The ‘isi compression stats’ CLI command also accepts the ‘list’ argument, which consolidates a series of recent reports into a list of the compression activity across the file system. For example:
The ‘isi compression stats’ data is used for calculating the right-hand side estimated ‘Cluster Data Reduction’ values in the ‘isi statistics data-reduction’ command described above. It also provides a count of logical and physical blocks and compression ratios, plus the percentage metrics for incompressible and skipped blocks.
The value in the ‘statistic’ column at the left of the table represents the epoch timestamp for each sample. This epoch value can be converted to a human readable form using the ‘date’ CLI command. For example:
# date -d 1618425636
Wed Apr 14 15:47:34 EDT 2021
From the OneFS CLI, the ‘isi dedupe stats’ command provides cluster deduplication data usage and savings statistics, in both logical and physical terms. For example:
# isi dedupe stats
Cluster Physical Size: 86.14T
Cluster Used Size: 3.43T
Logical Size Deduplicated: 4.01T
Logical Saving: 3.65T
Estimated Size Deduplicated: 5.42T
Estimated Physical Saving: 4.93T
In-line dedupe and post-process SmartDedupe both deliver similar results, just at different stages of data ingestion. Since both features use the same core components, the results are combined. As such, the isi dedupe stats output reflects the sum of both inline dedupe and SmartDedupe efficiency. Similarly, the OneFS WebUI’s deduplication savings histogram combines the efficiency savings from both inline dedupe and SmartDedupe.
Note: The deduplication statistics do not include zero block removal savings. Because zero block removal is technically not due to data deduplication, it is tracked separately but included as part of the overall data reduction ratio.

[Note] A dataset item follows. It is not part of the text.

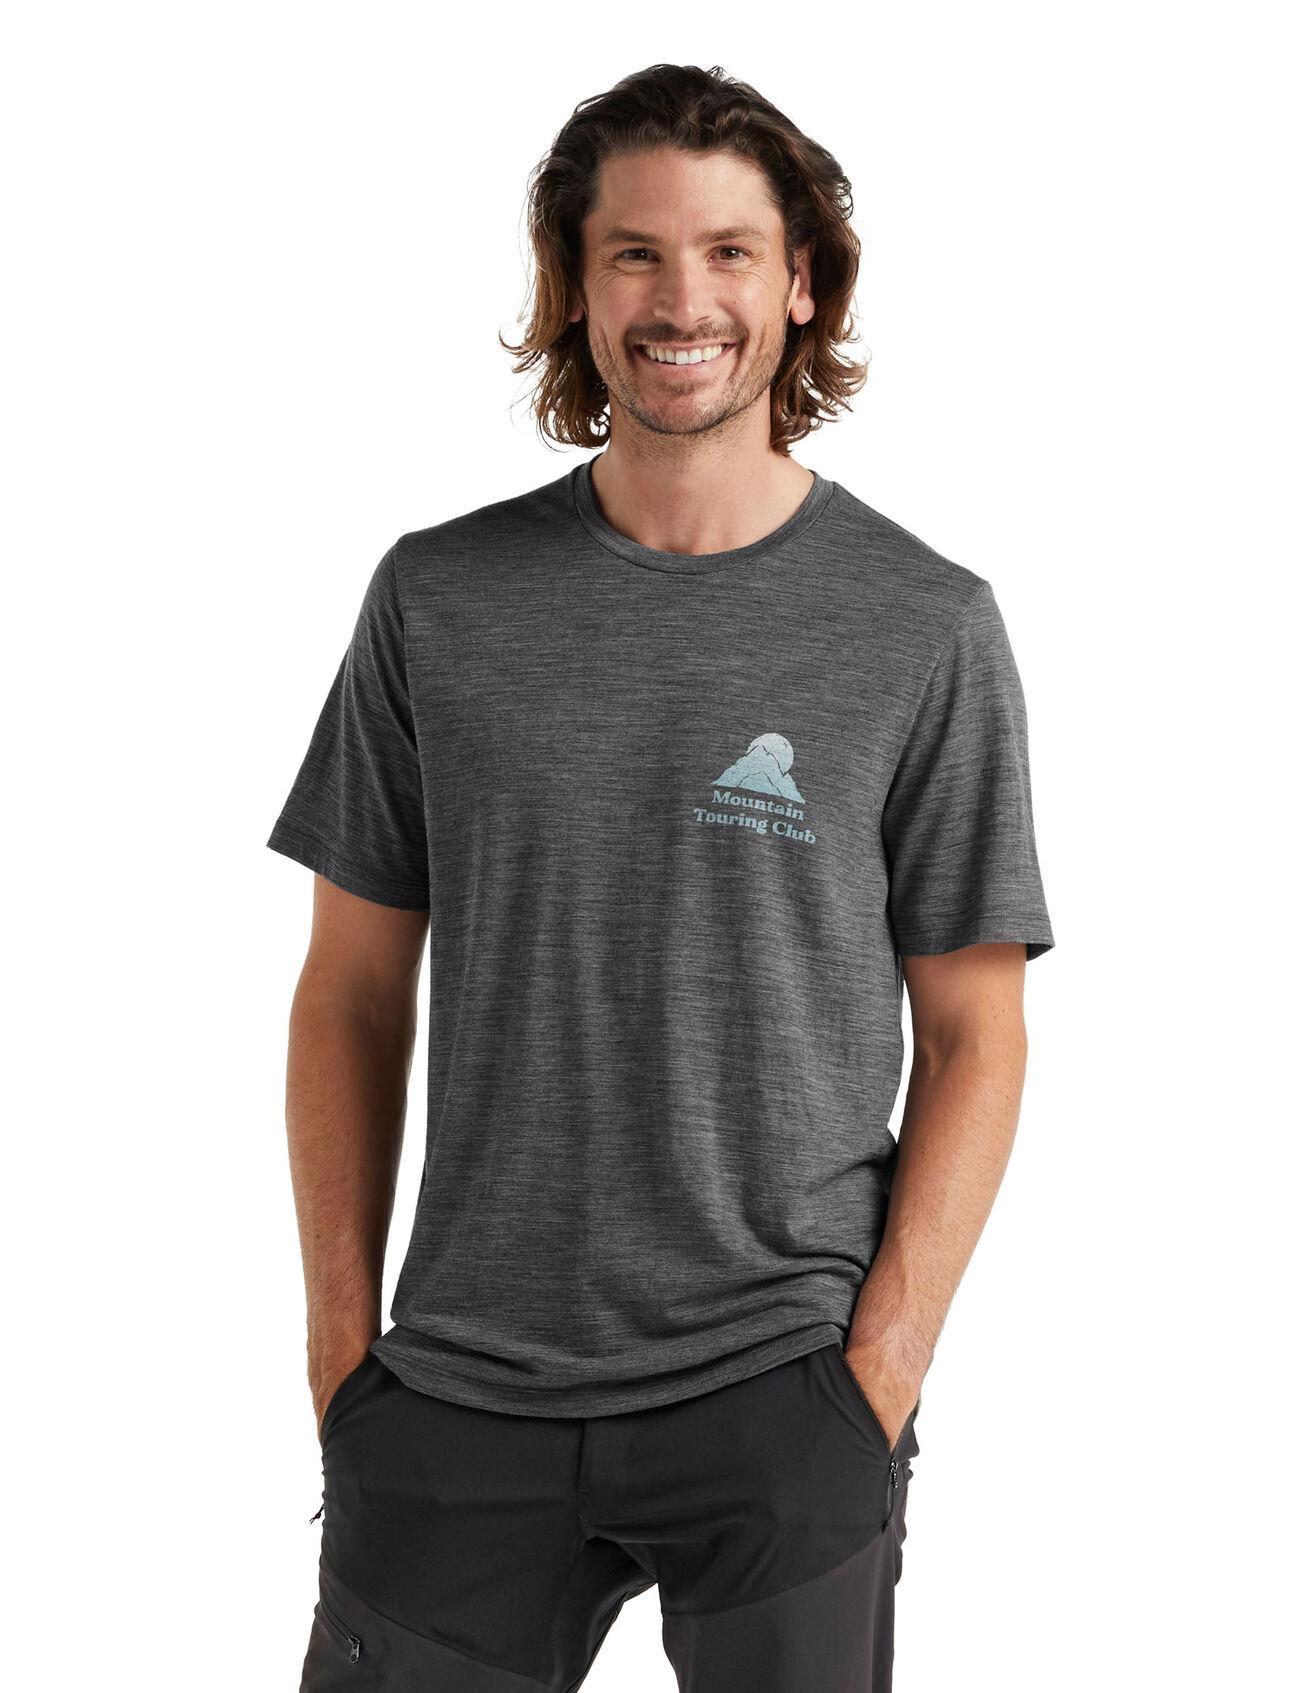 Tech Lite II T-shirt Mountain Touring Club met korte mouwen van merinowol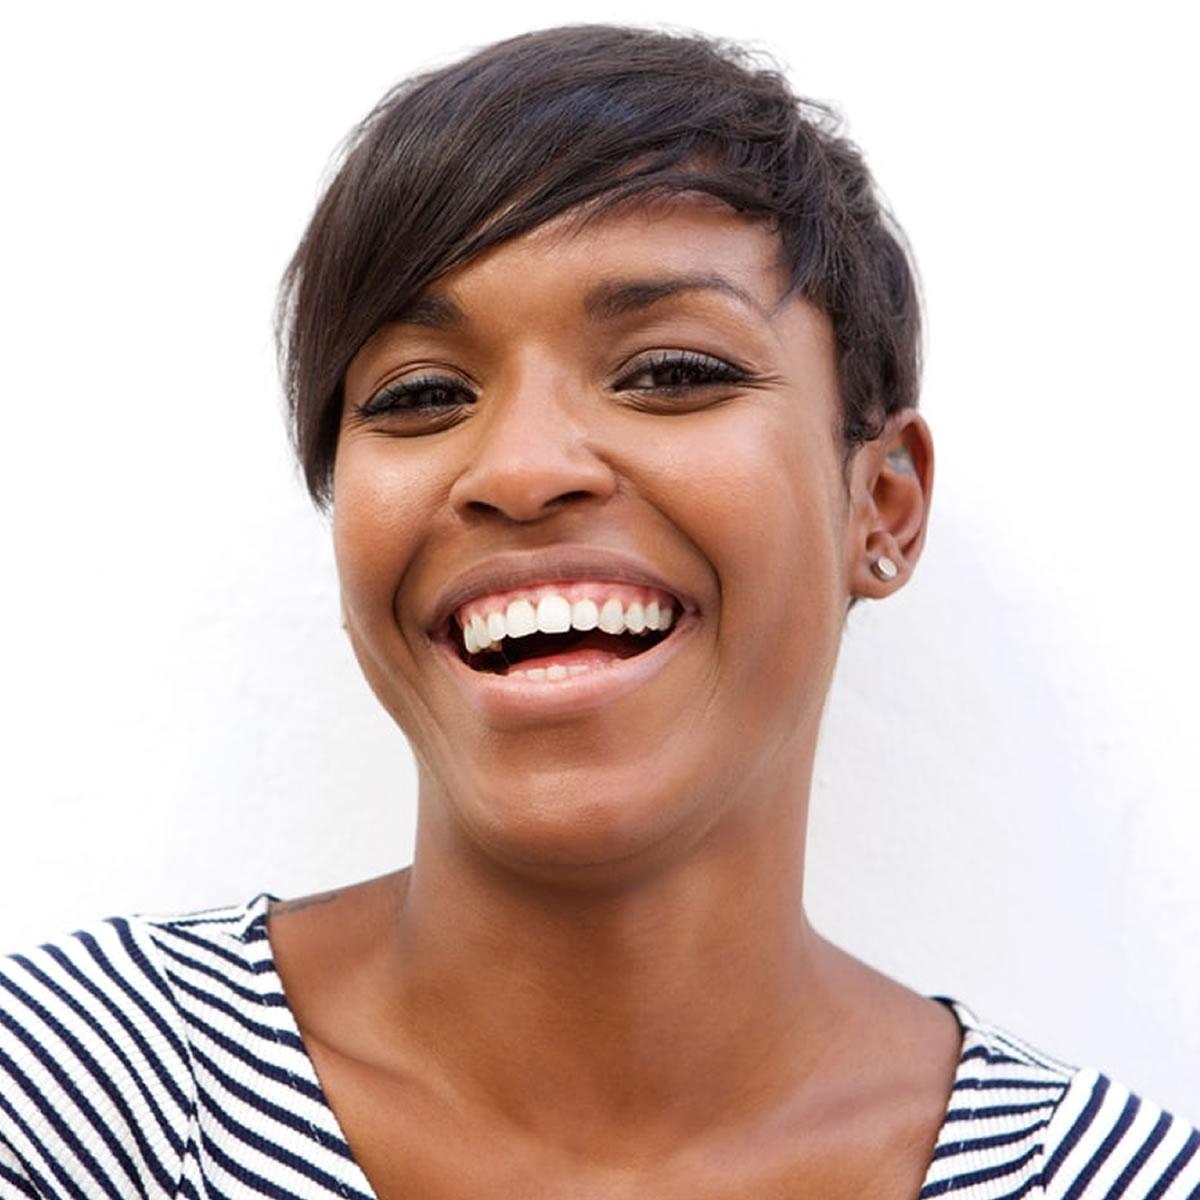 New very short pixie hairstyles 2019-black woman favorite... 1

OneFS 8.2.1 and later includes a ‘-O’ logical overlay flag to ‘isi get’ CLI utility for viewing a file’s compression details.
For example:
# isi get –DDO file1
* Size: 167772160
* PhysicalBlocks: 10314
* LogicalSize: 167772160
PROTECTION GROUPS
lbn0: 6+2/2
2,11,589365248:8192[COMPRESSED]#6
0,0,0:8192[COMPRESSED]#10
2,4,691601408:8192[COMPRESSED]#6
0,0,0:8192[COMPRESSED]#10
Metatree logical blocks:
zero=32 shadow=0 ditto=0 prealloc=0 block=0 compressed=64000
The logical overlay information is described under the ‘protection groups’ output. This example shows a compressed file where the sixteen-block chunk is compressed down to six physical blocks (#6) and ten sparse blocks (#10). Under the ‘Metatree logical blocks’ section, a breakdown of the block types and their respective quantities in the file is displayed - including a count of compressed blocks.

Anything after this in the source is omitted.